Wer sich die Portale ansieht – das der Amadeu-Antonio-Stiftung etwa oder die «Berliner Register» –, stellt fest, dass die Vorwürfe überzogen bis absurd sind. In keinem Fall werden auf ihnen Fehlbare mit Namen an den Pranger gestellt, vielmehr werden in anonymisierter Form Vorfälle gesammelt, um ein Lagebild erlebter Diskriminierung zu erstellen, wie es die Polizei nicht haben kann. Die Erfahrung mit Hetze in den sozialen Medien belegt, dass auch nicht strafbares Verhalten das Zusammenleben nachhaltig vergiften kann. Schliesslich: Die Portale richten sich nicht gegen Täter, sondern an Opfer – deren Berichte sie sammeln, die beraten oder zur Betreuung weitervermittelt werden.

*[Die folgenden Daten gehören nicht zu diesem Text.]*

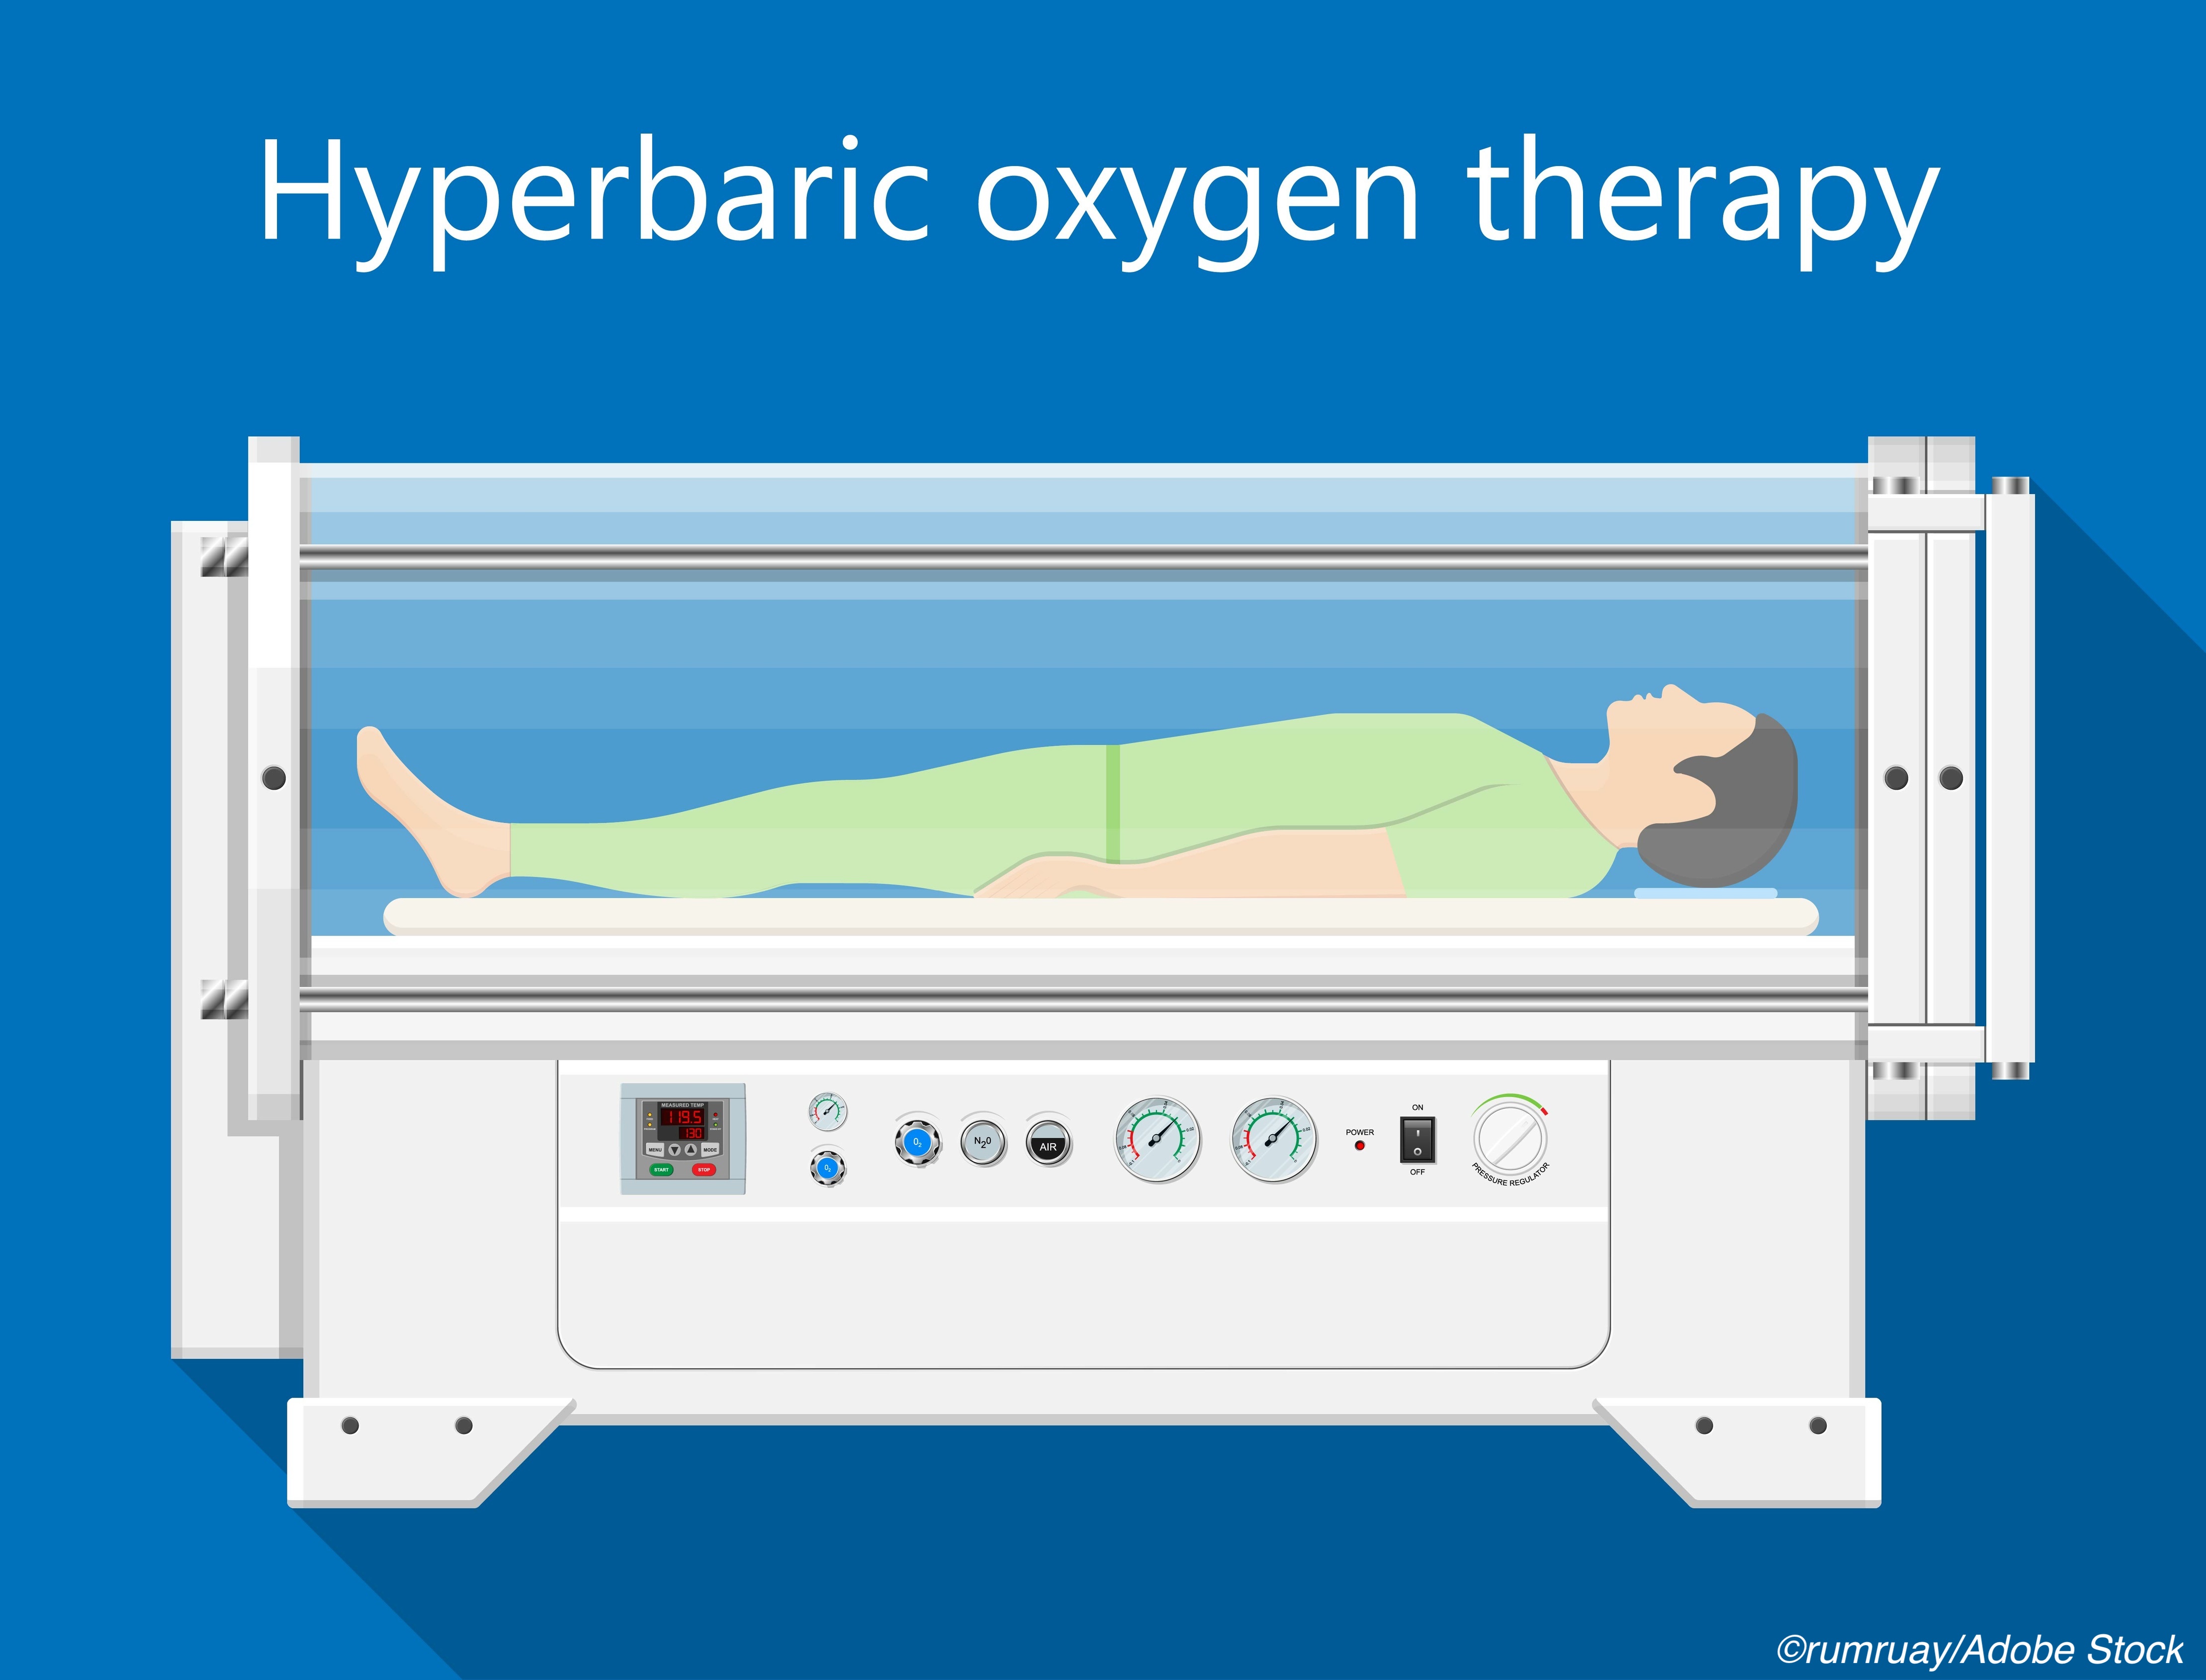 Sudden Sensorineural Hearing Loss: Can Hyperbaric Oxygen Tx Make a Difference?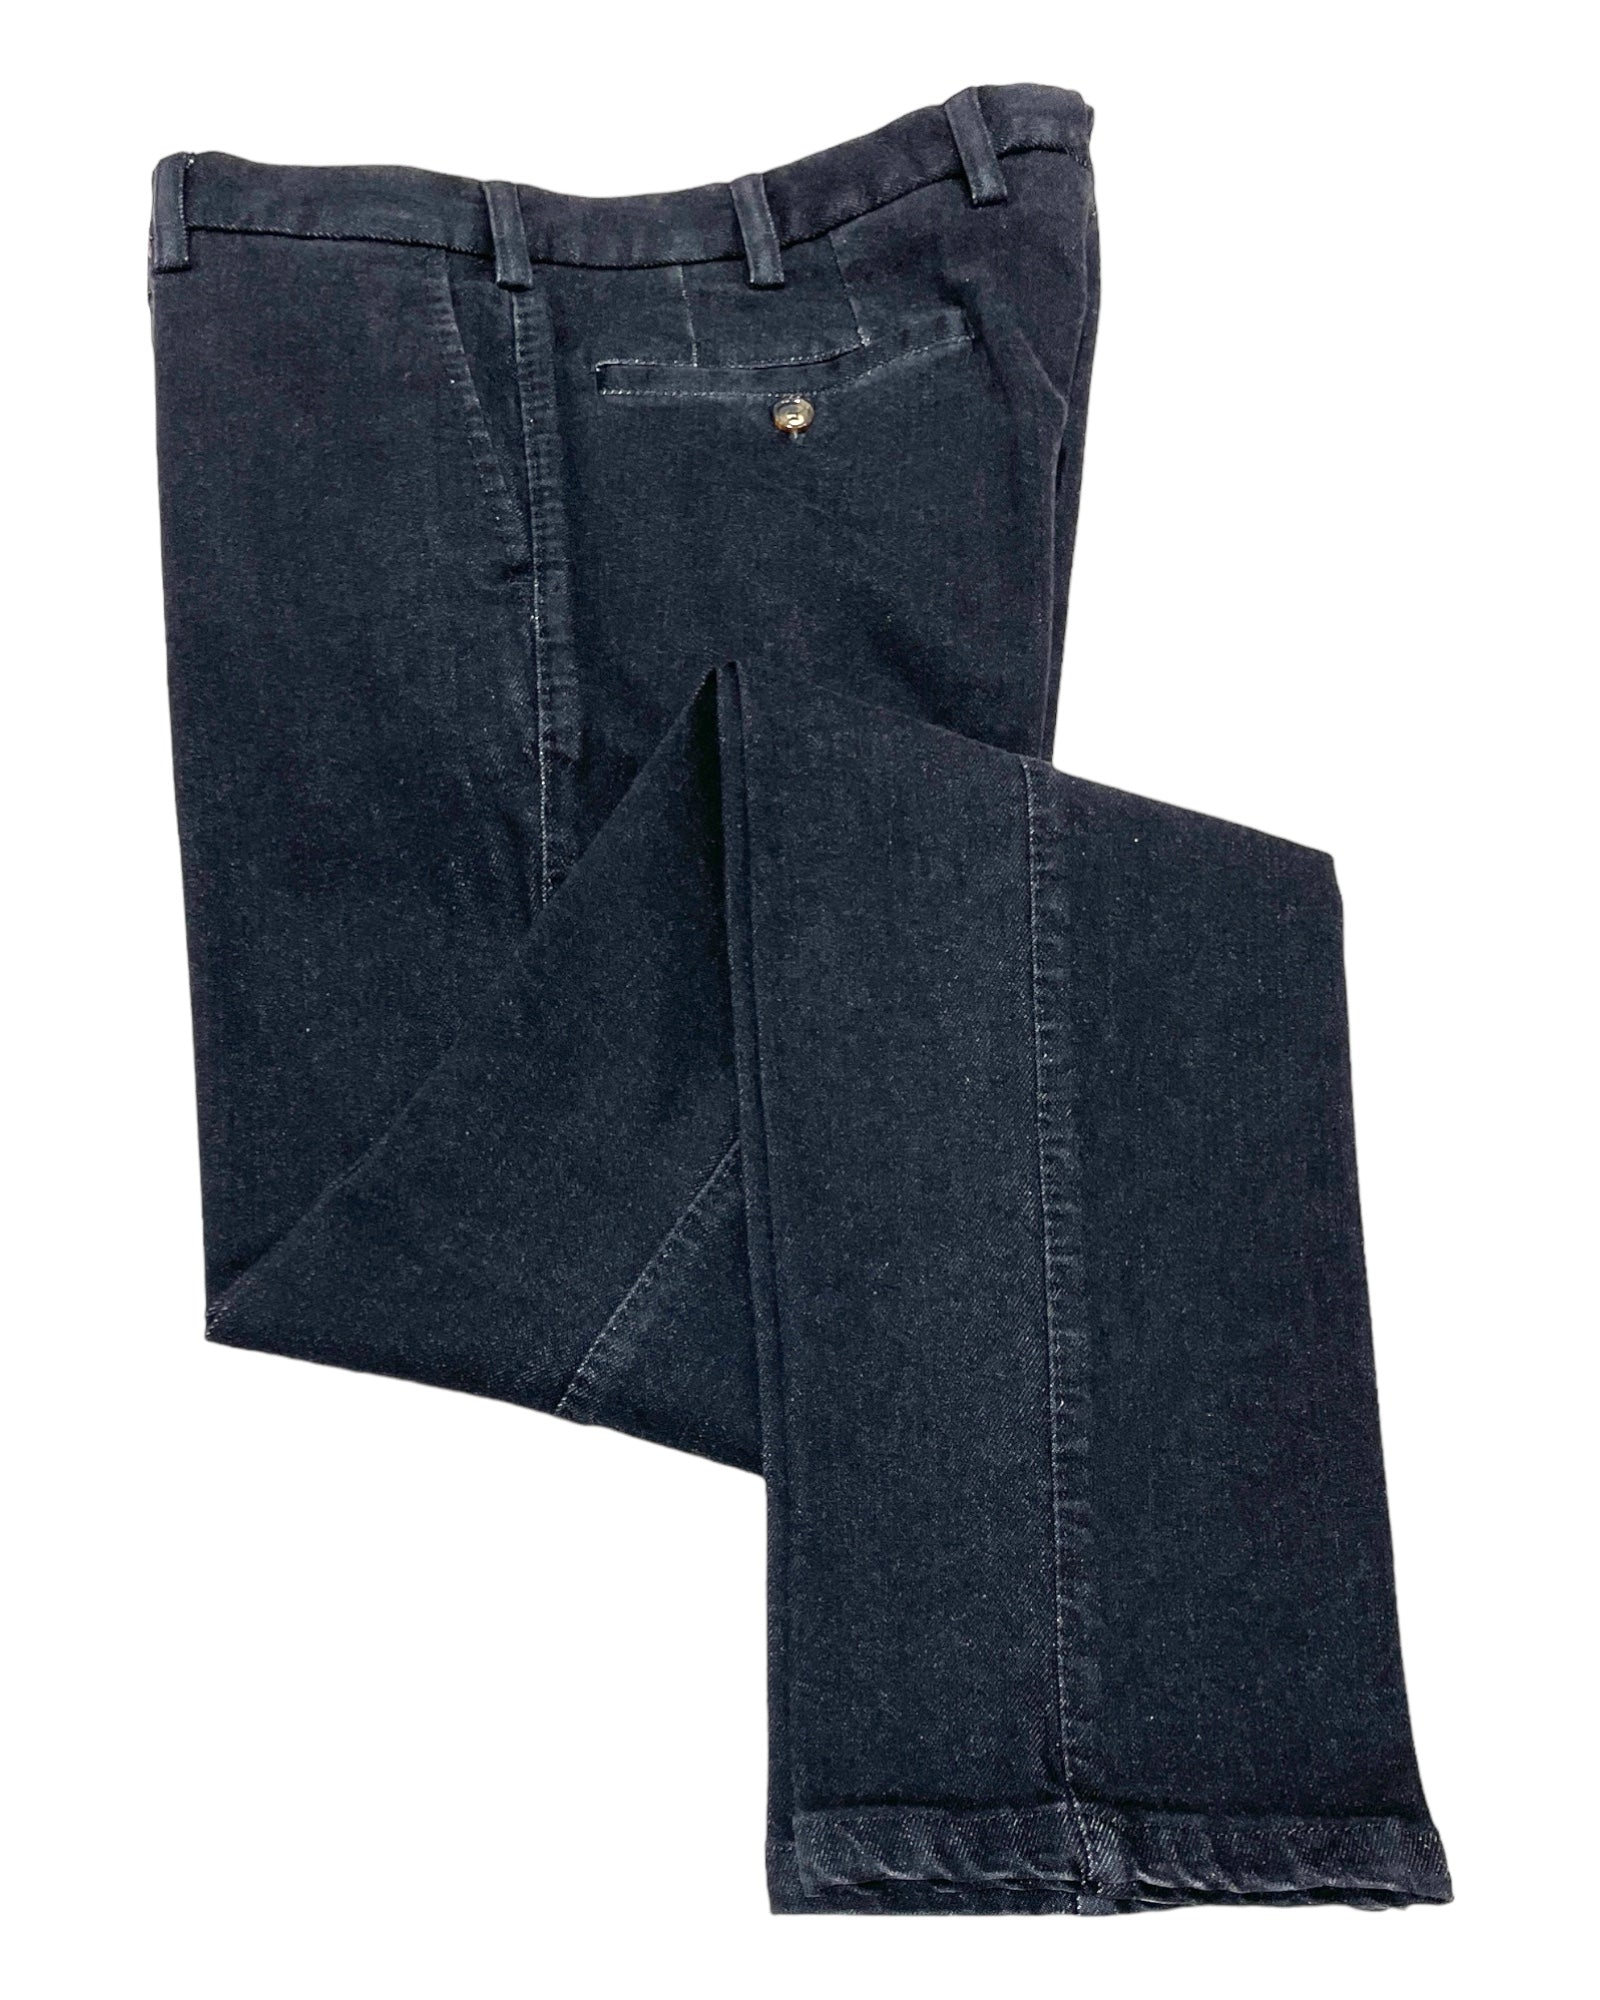 Japanese Denim Pants - Charcoal CASUAL PANTS50

Die Gegner des Gesetzes ficht solche Erkenntnis nicht an. Sie haben mit Absicht einen Popanz erschaffen, an dem sie sich nun mit maximalem politischem Aufwand abarbeiten. Man könnte ob des Kampfeifers glatt vergessen, dass dessen Dringlichkeit eher gering ist: Das Gesetz, das im Bundestag seit einem Jahr vor sich hinruht, ist politisch tot, solange die FDP nicht ihre Meinung wechselt – was sehr unwahrscheinlich ist.
Das Gesetz, das die Demokratie fördern soll, wird also erst mal nicht Gesetz werden. Damit ist aber wohl weder viel verloren noch gewonnen. Weder sollten seine Befürworter so tun, als ob die Demokratie ohne es nun quasi wehrlos dastünde, noch seine Gegner, als ob sie die freie Gesellschaft gerade gegen einen übergriffigen Staat gerettet hätten.
In der Sache ändert sich ohnehin erst mal nichts: Ministerin Paus hat bereits angekündigt, dass auch in diesem und im nächsten Jahr jeweils 180 Millionen für diese Zwecke zur Verfügung stünden. Und die Laufzeiten der Verträge könne man auch ohne Gesetz verlängern.